# Moving from Canada



## Walker07 (Mar 14, 2011)

Hey all, 
I'm moving from Canada to Australia in a few months! and I'm trying to do a little research but can't find the information I need. In Canada, with regards to investments throughout your working career you have RRSP's, TSFA's, pension, etc.. Now, in comparing to Australia, which has Superannuation, my question lies in how does that work? 

Superannuation to my understanding is just simply cash in a fund that accumulates interest over the years. You cannot invest it or anything? 

I guess my question is what does Australia have that compares to 401k's in the U.S or RSP's and TSFA's in Canada? I'm trying to figure out some of this retirement saving - investing information before I jump into things I guess.

I'm going to start investing once I get there, but need to make sure that I know the facts.

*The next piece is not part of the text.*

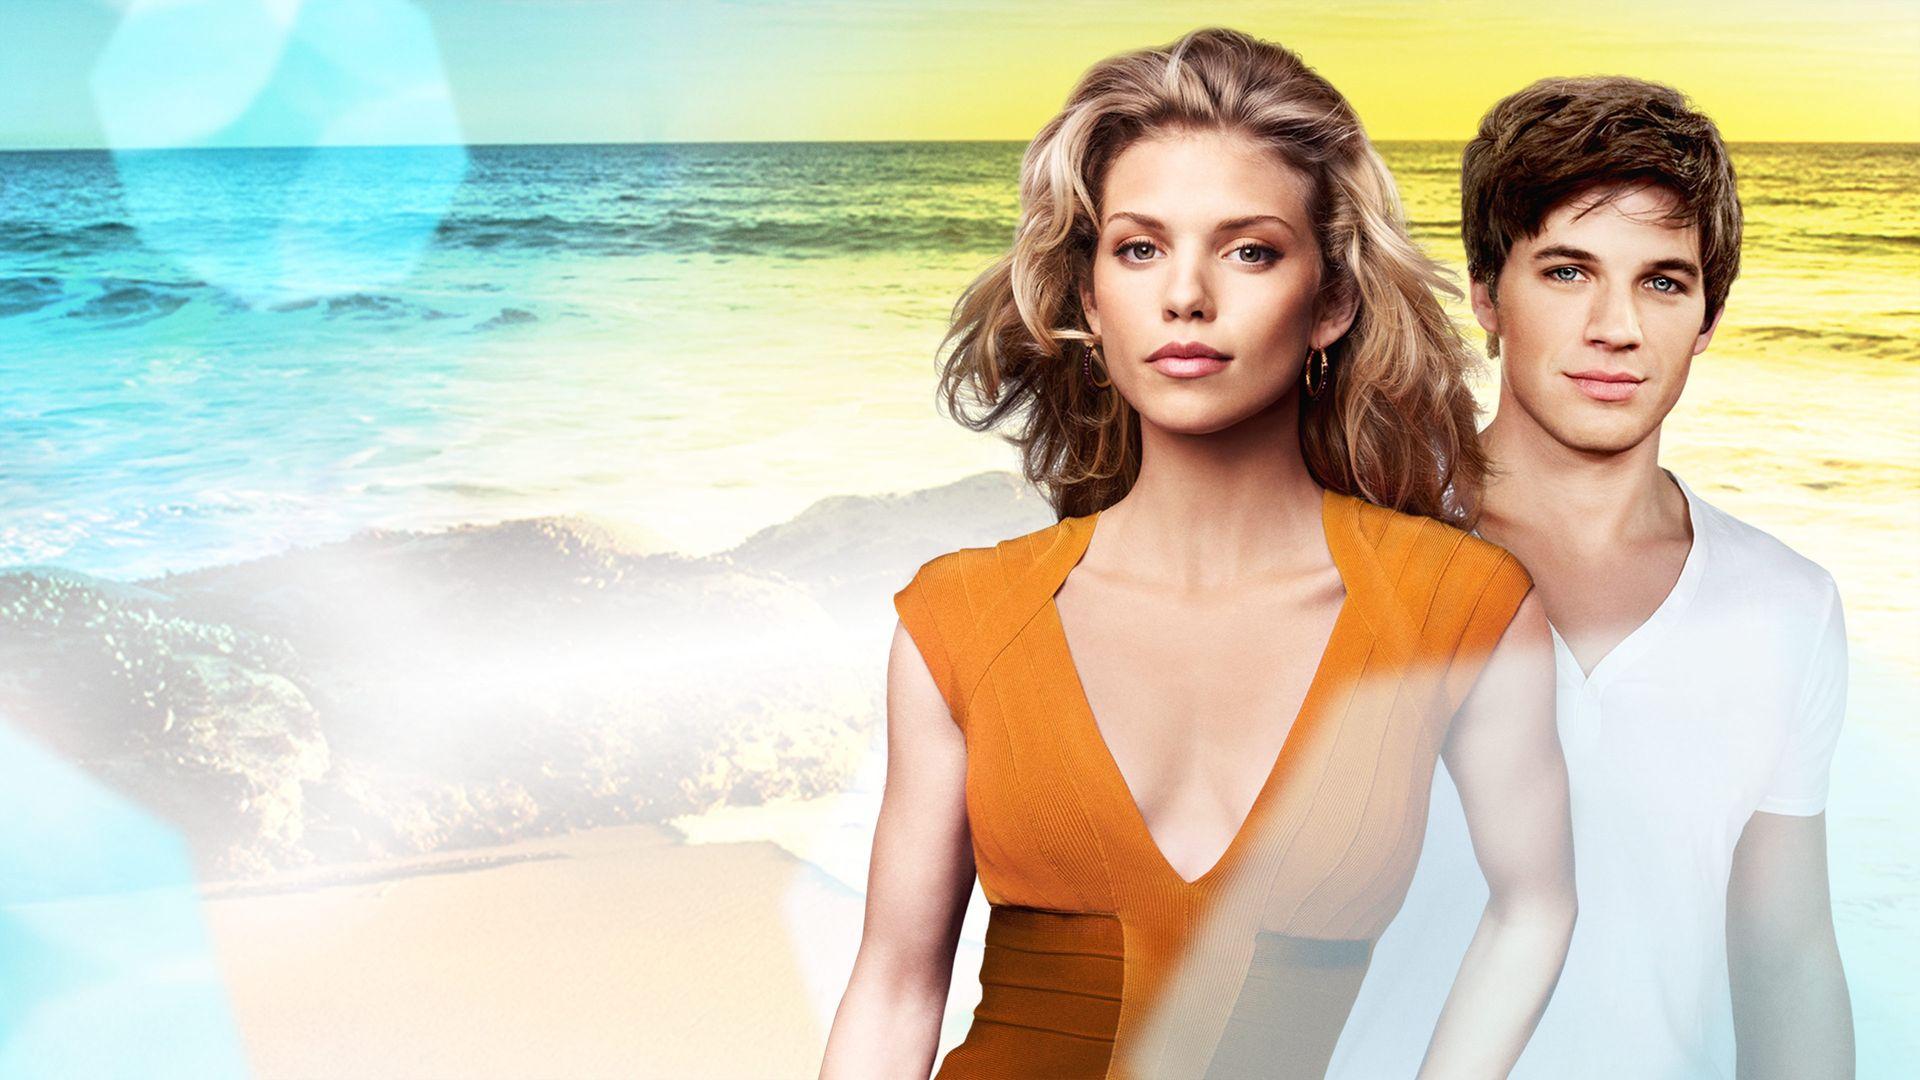 90210 season 4 episode 4 watch online free
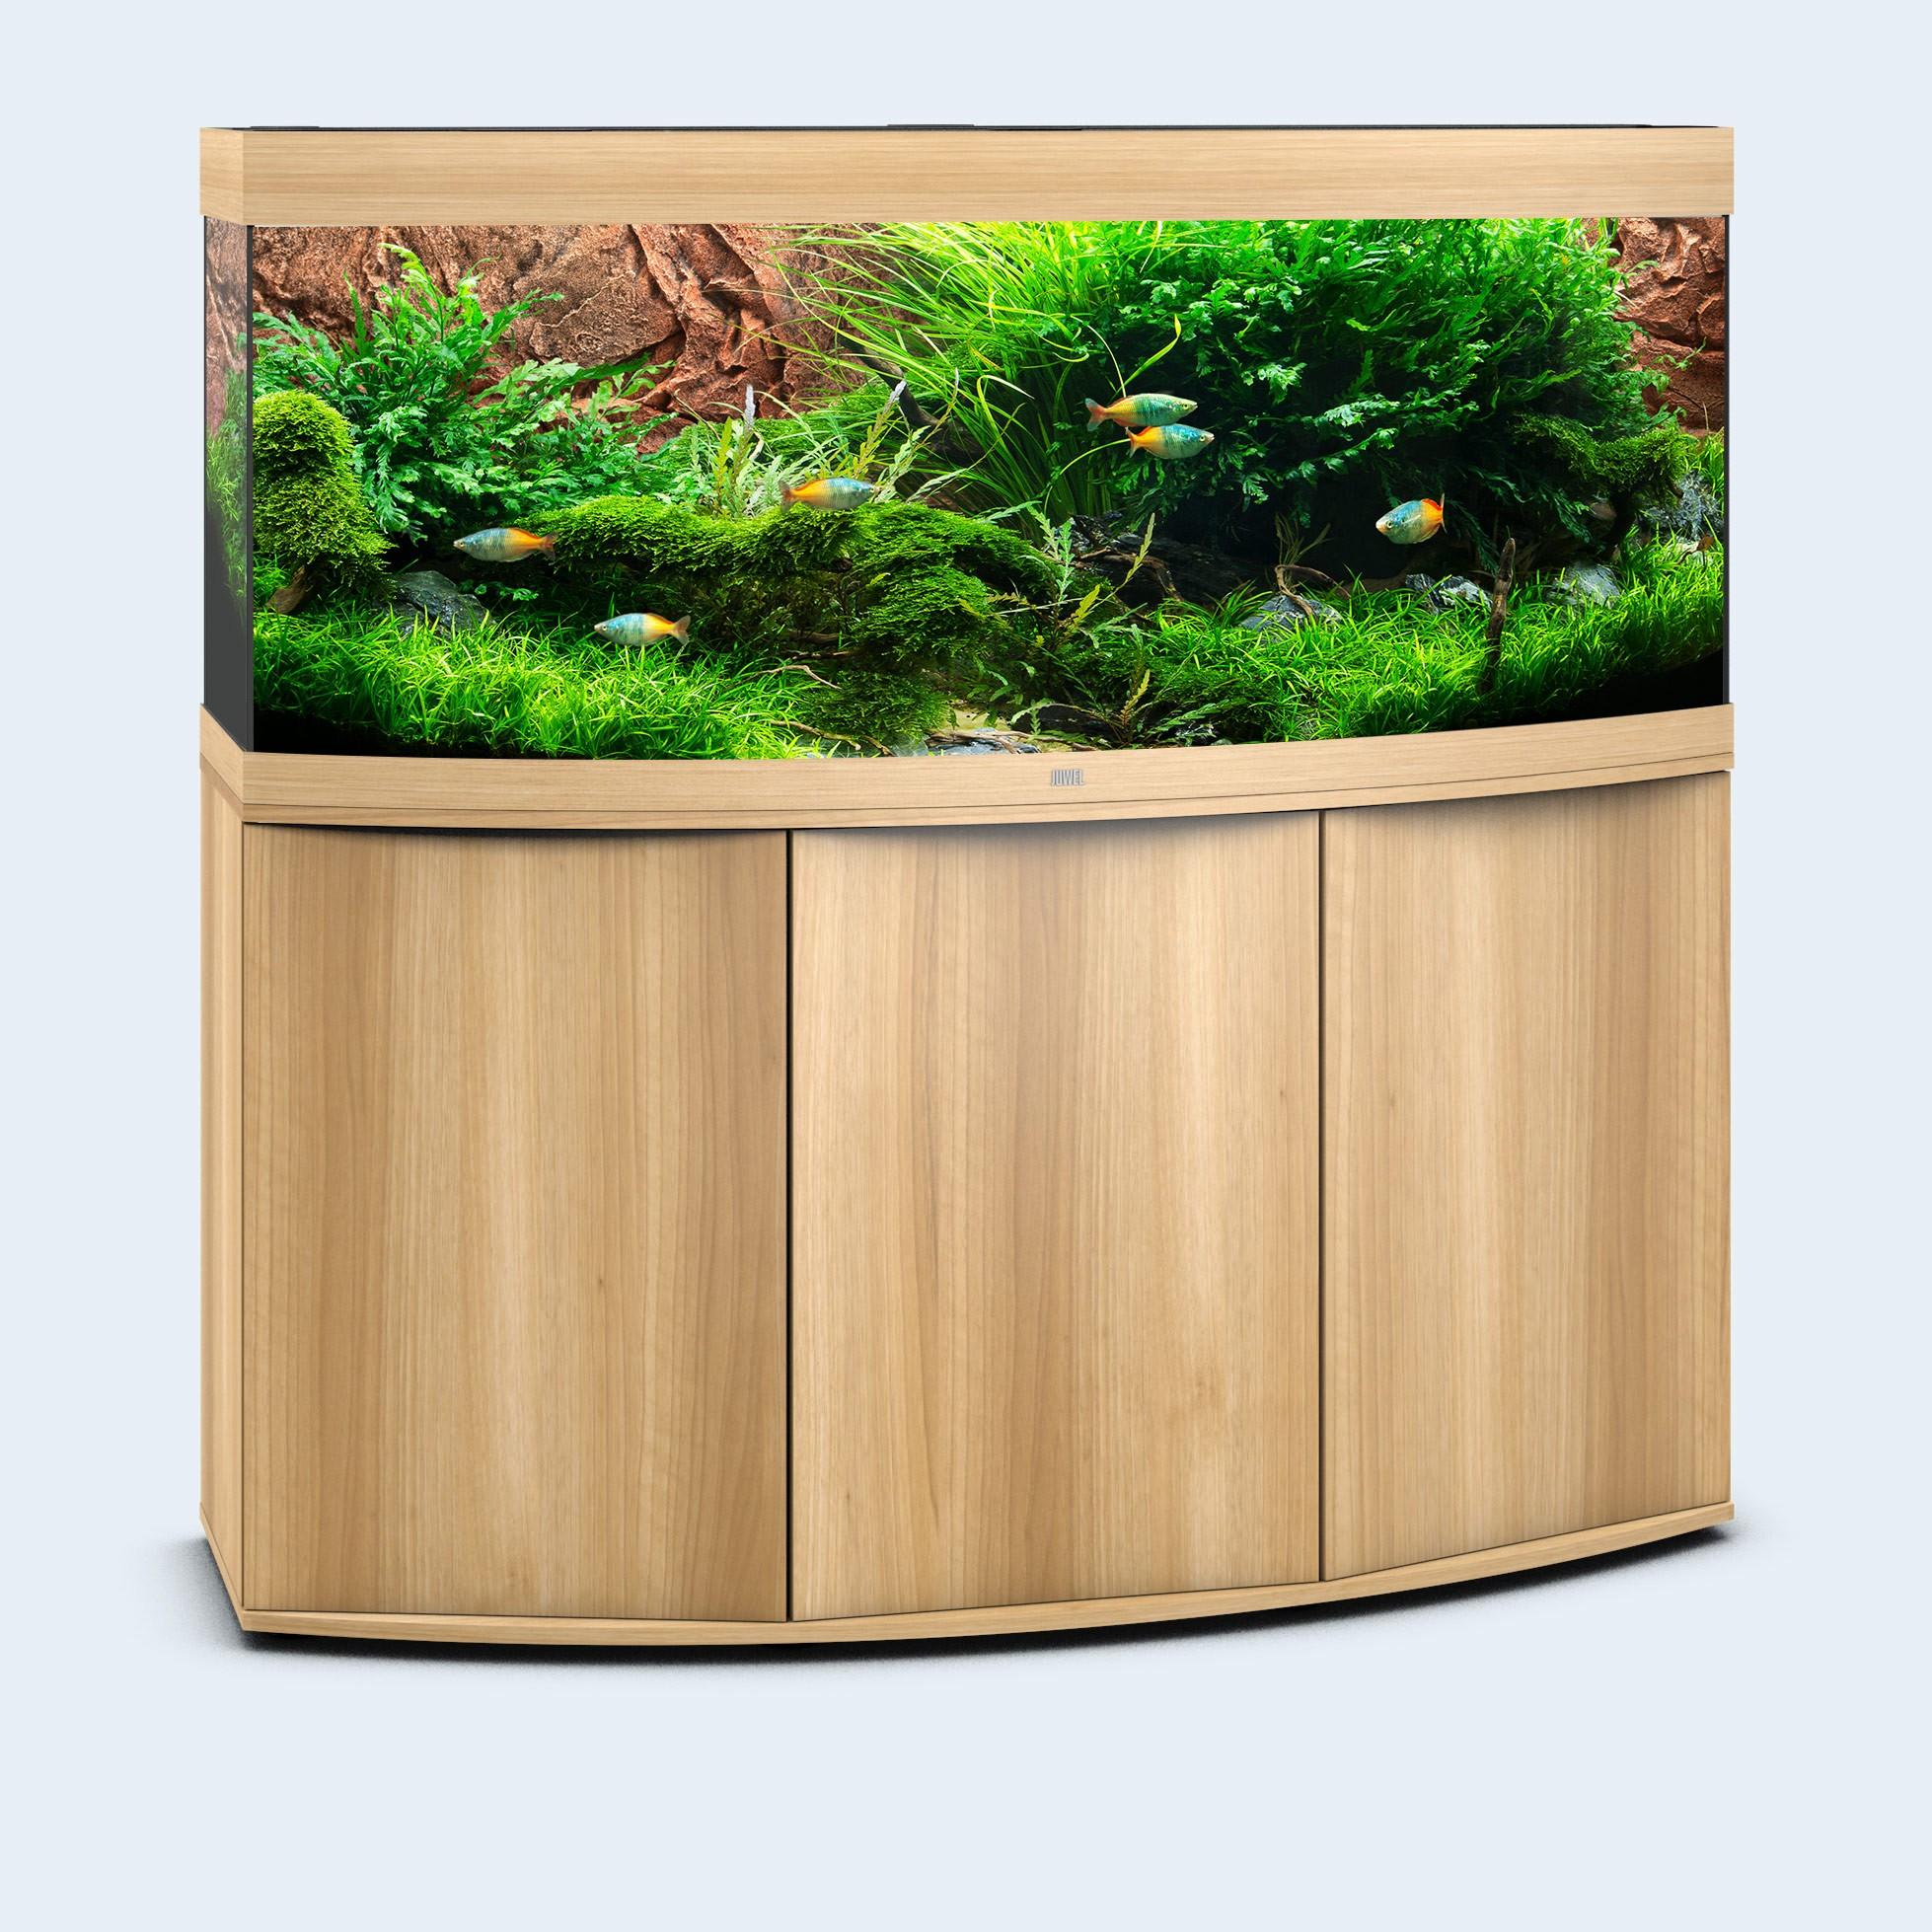 Juwel vision 450 liter lyst træ med underskab og Ledlys

I'm assuming many of the banks have investing accounts much like North America anyways.

Any information would be appreciated!


----------



## megabuff (Oct 2, 2010)

*self managed super*

Hi

There are many different superanuation schemes.

You can go for low growth, low risk and high growth, high risk and a mixture of inbetween.

you can set up self managed funds where you invest your super money where you choose.

I would look at an Australian investment forum for more info


----------



## jeremyh (Mar 31, 2011)

*moving to Sydney*

Hi

I read that you want to move to Australia. About the superannuation in Australia i think you should go with high growth scheme if you are earning 100k or above annually other wise go with low growth scheme.


----------